To do: Please make an exact copy of the lines from the one holding "Members of Myanmar's" through the end of the data, both ends included, with no pictures.

Collected data:
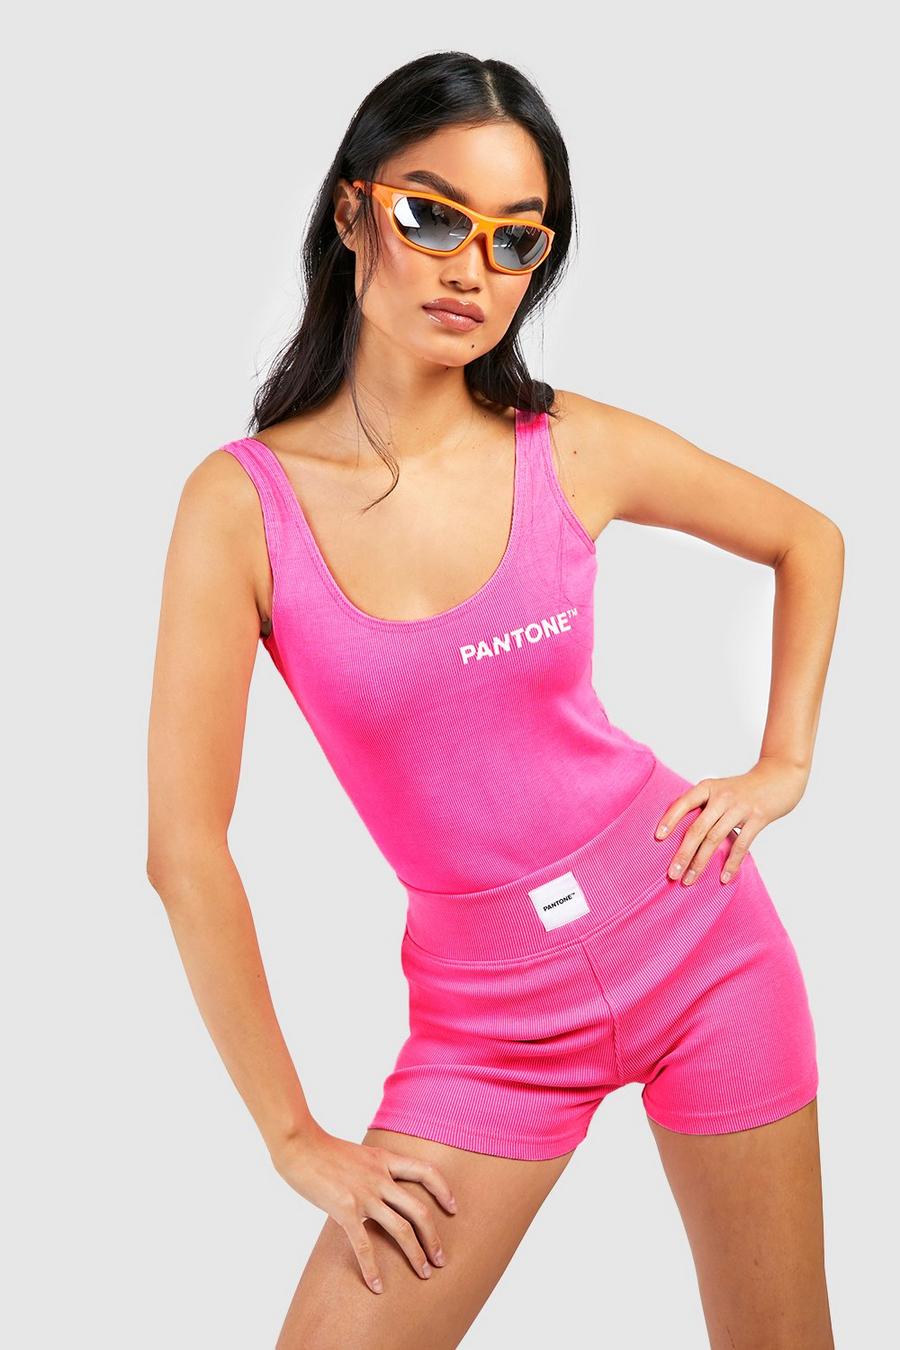 Pantone gerippte Booty-Shorts, Neon-pink
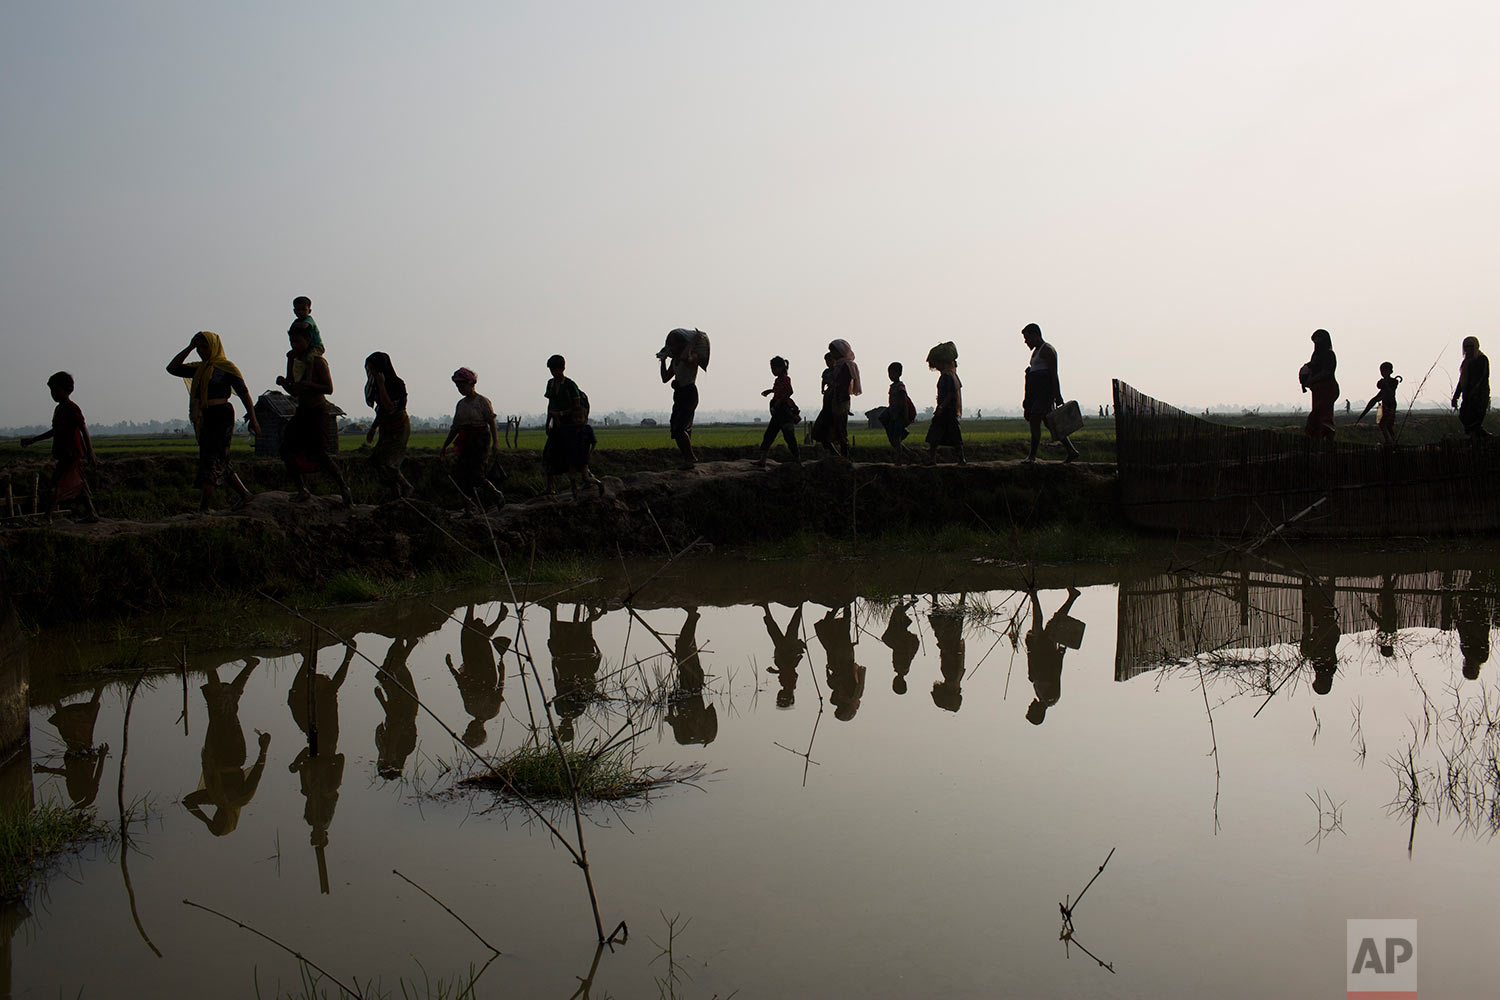 Members of Myanmar's Rohingya ethnic minority walk through rice fields after crossing the border into Bangladesh near Cox's Bazar's Teknaf area, Tuesday, Sept. 5, 2017. (AP Photo/Bernat Armangue)
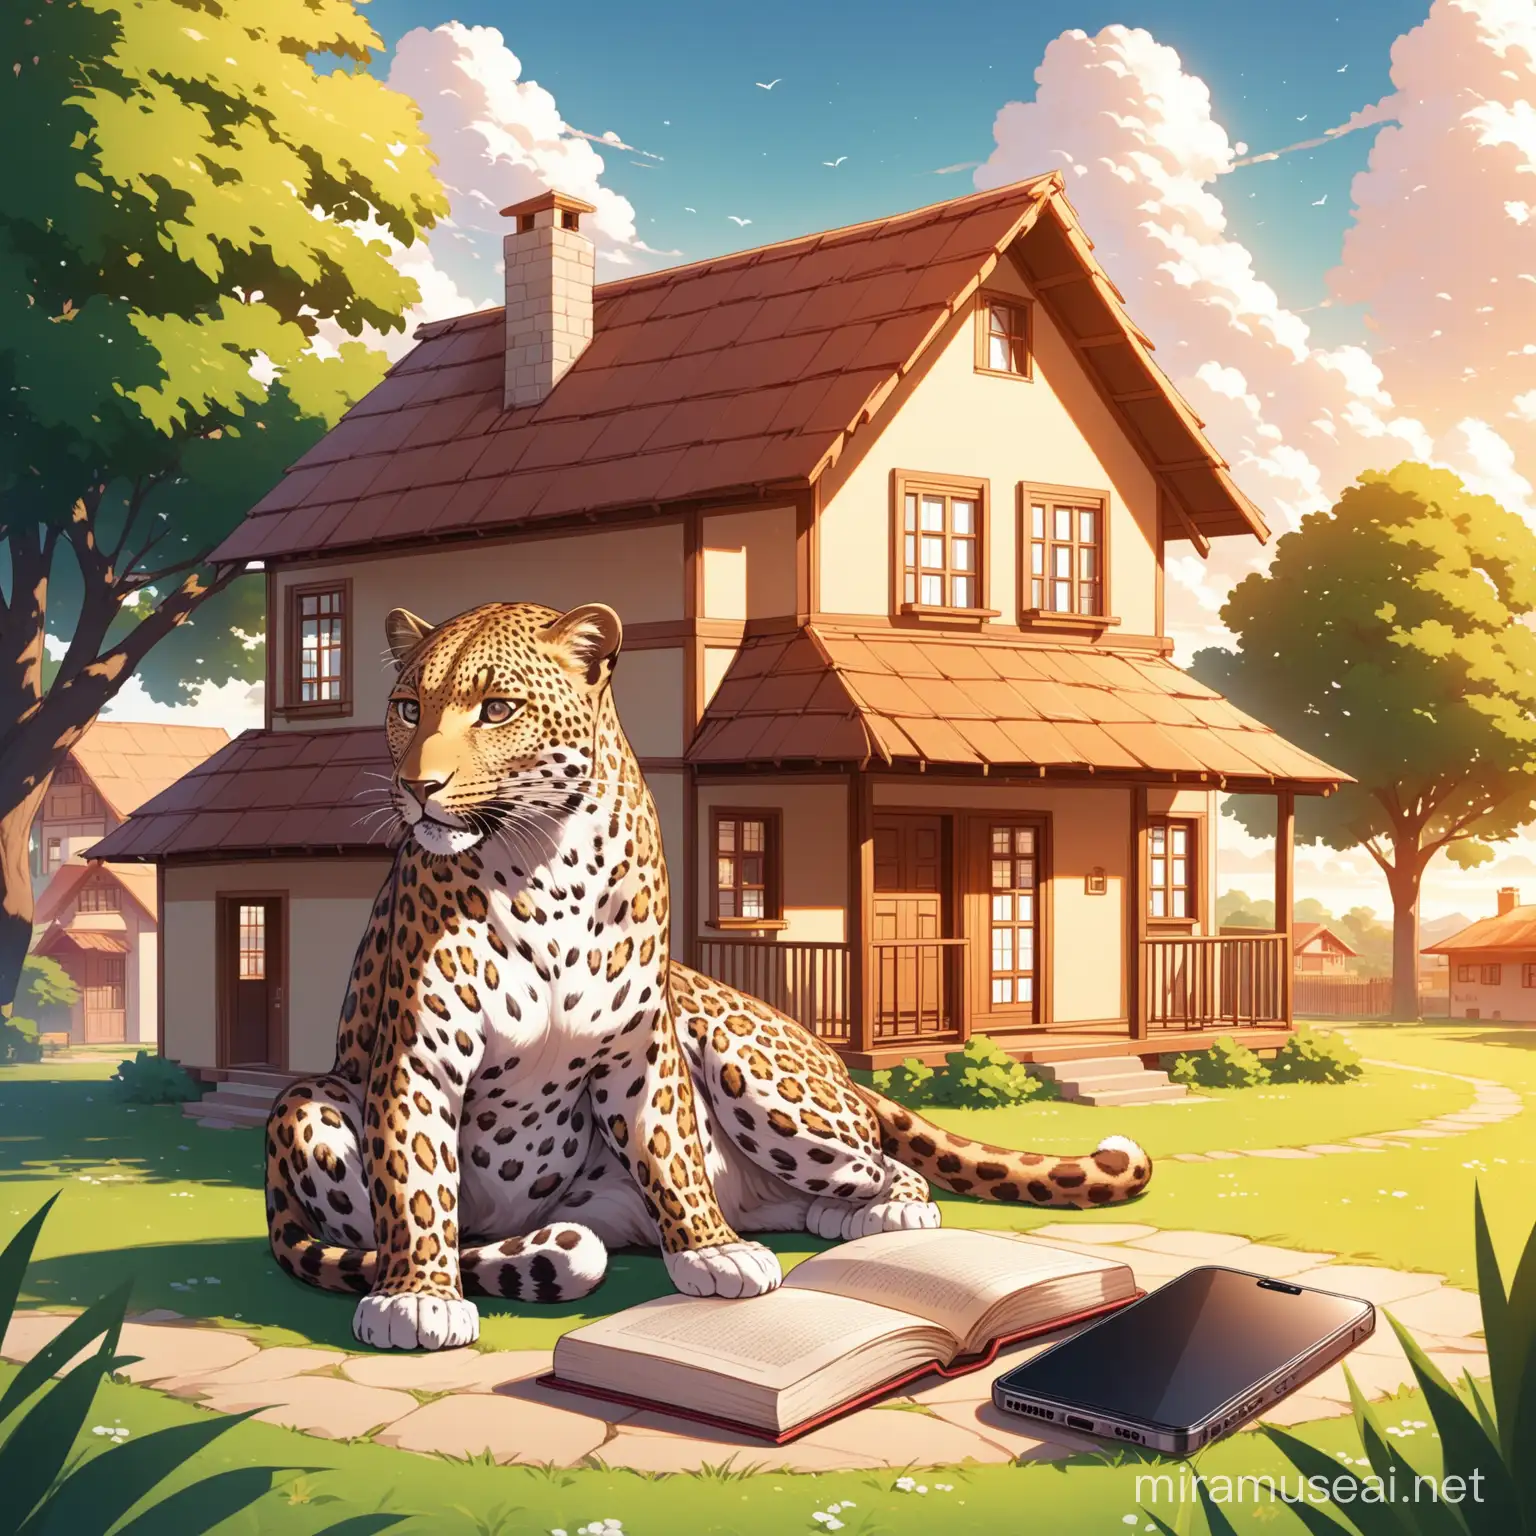 a leopard, a house, a phone, a book

Output of the exercise:
 Members of Myanmar's Rohingya ethnic minority walk through rice fields after crossing the border into Bangladesh near Cox's Bazar's Teknaf area, Tuesday, Sept. 5, 2017. (AP Photo/Bernat Armangue)
 a leopard, a house, a phone, a book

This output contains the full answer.